PRIMARY VITREORETINAL LYMPHOMA MASQUERADING AS POSTOPERATIVE ENDOPHTHALMITIS IN A PREGNANT PATIENT WITH LONG-STANDING IDIOPATHIC PANUVEITIS.

Abstract

Purpose: To report primary vitreoretinal lymphoma after surgical 0.59 mg fluocinolone acetonide implant (FAi) exchange in a patient treated with adalimumab for idiopathic bilateral panuveitis.

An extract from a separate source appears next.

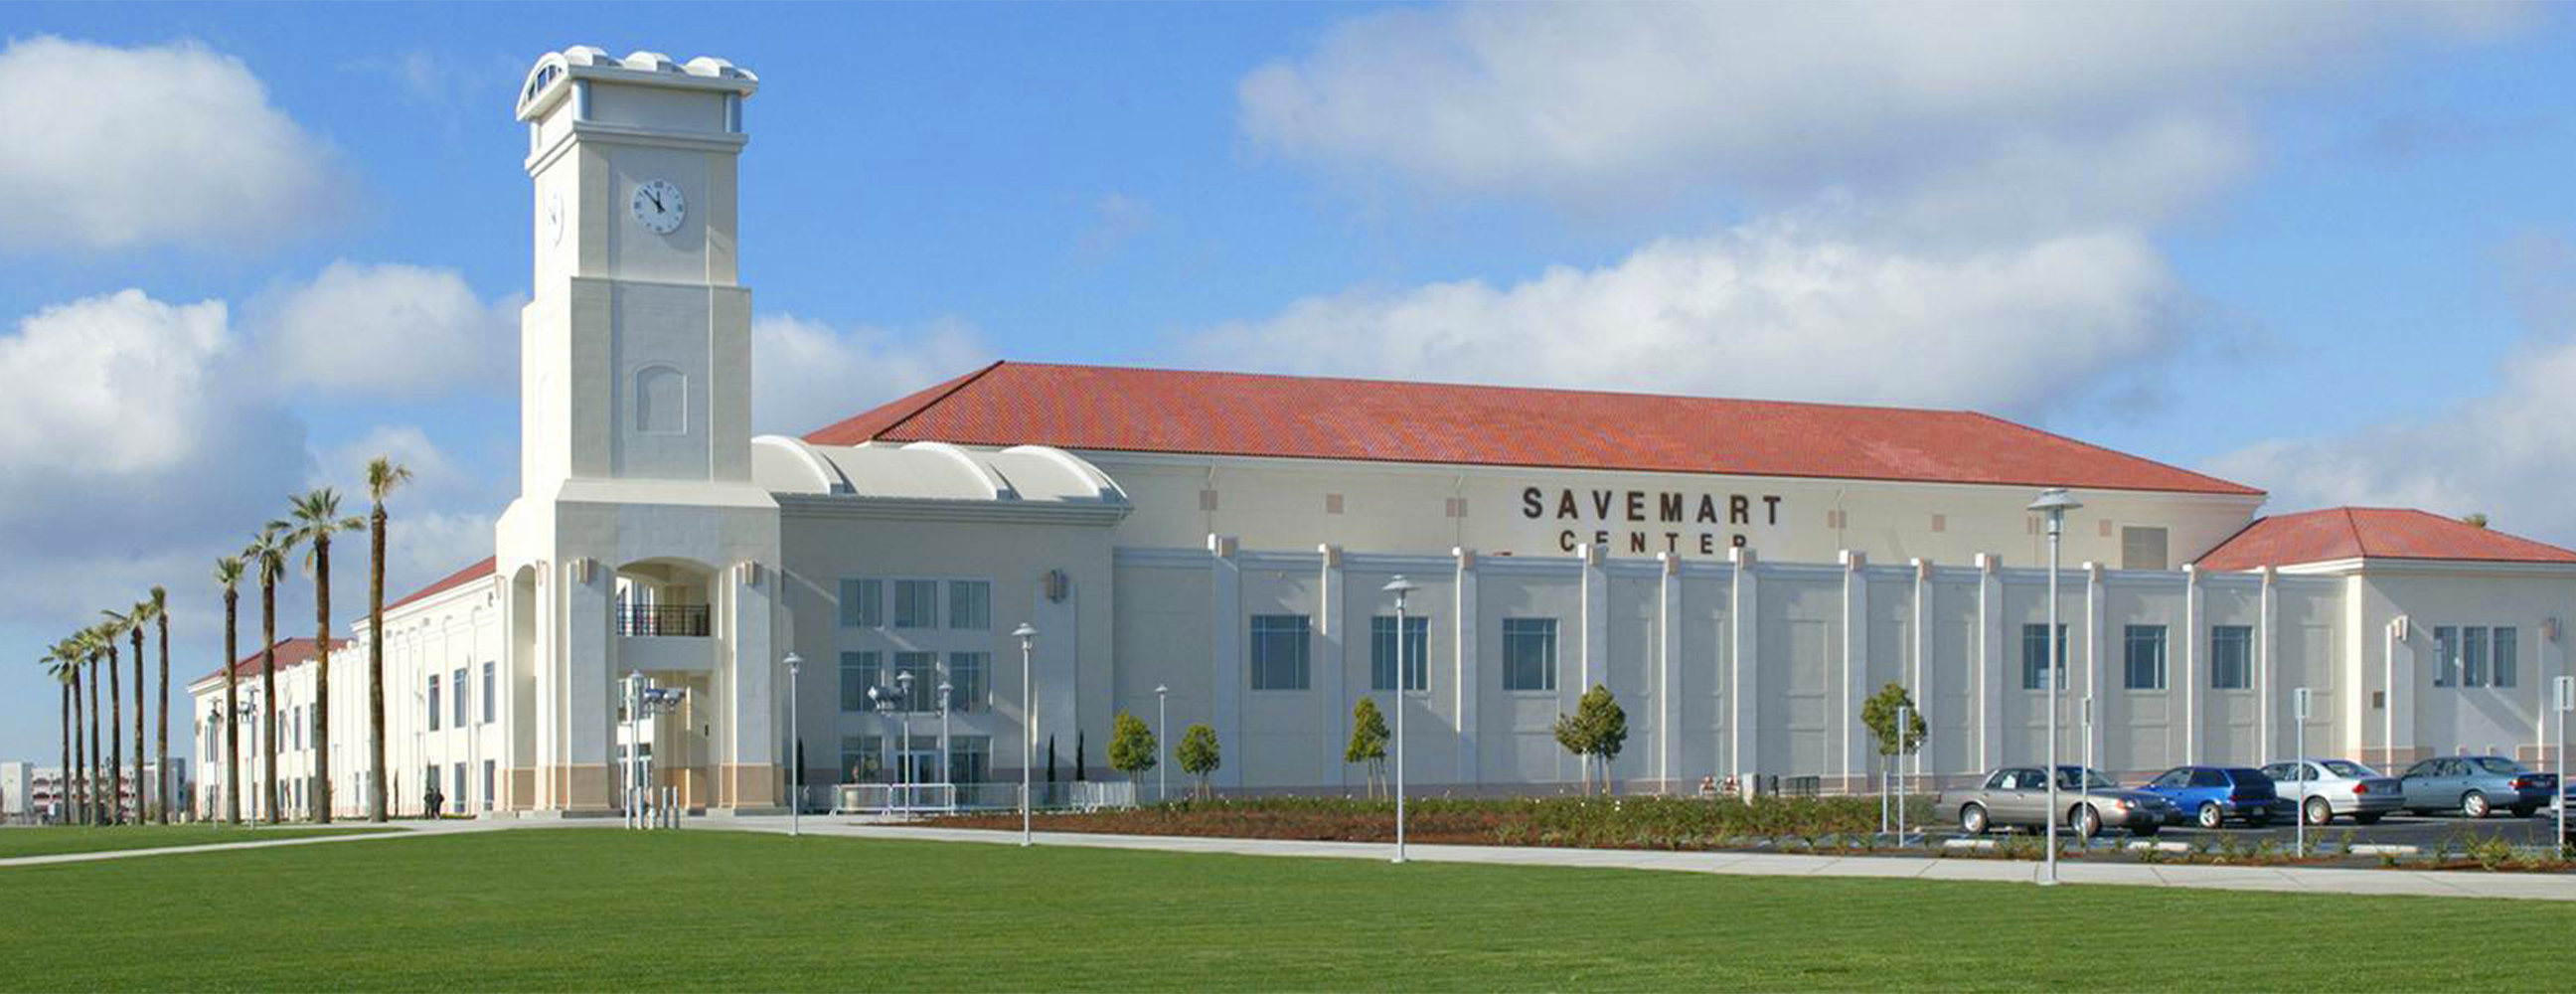 Savemart Center exterior

Methods: Retrospective case review.

Results: A 37-year-old woman with bilateral idiopathic panuveitis, who had favorable responses to previous FAi surgical implants, presented with right eye recurrent intraocular inflammation and cystoid macular edema that partially responded to systemic adalimumab. Her FAi was replaced, given her previous favorable response. She developed postoperative ocular inflammation transiently responsive to two serial vitreous taps and injections of intravitreal antimicrobials and then worsening inflammation and new layered flocculant material. Diagnostic vitrectomy showed a few atypical lymphocytes and cultures were negative. At postdiagnostic vitrectomy Month 1, flocculant material recurred. Aqueous cytology and flow cytometry revealed large CD45-positive B cells suspicious for lymphoma. Postoperatively, she revealed that she was pregnant. She was treated with eight monthly intravitreal methotrexate injections and postpartum consolidation radiotherapy. Subsequent repeat cytology, flow cytometry, and corneal pathologic examination revealed large B cells that were CD20 positive, and next-generation sequencing detected a dominant monoclonal B-cell population, diagnostic of PVRL. Nineteen months after FAi exchange, she developed an area of enhancement in the lateral aspect of the right frontal lobe on brain MRI, consistent with central nervous system involvement.

Conclusion: The authors present a unique case of PVRL masquerading as postoperative endophthalmitis after FAi exchange in an eye with chronic panuveitis treated with adalimumab immunosuppressive therapy. The authors hypothesize that there may be a causal relationship between adalimumab and PVRL.